* YOUR TASK:
Using the entries that follow, write out the line containing "American Apparel White Shirt", the line containing "Daisy Christmas Wish", and every line between them, exactly and nothing else.

* DATA FOR THIS TASK:
---+---

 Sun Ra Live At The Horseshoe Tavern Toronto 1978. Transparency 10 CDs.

---+---

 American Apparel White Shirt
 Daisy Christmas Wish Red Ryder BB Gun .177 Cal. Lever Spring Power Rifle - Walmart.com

---+---

* RESULT FOR THIS TASK:
 American Apparel White Shirt
 Daisy Christmas Wish Red Ryder BB Gun .177 Cal. Lever Spring Power Rifle - Walmart.com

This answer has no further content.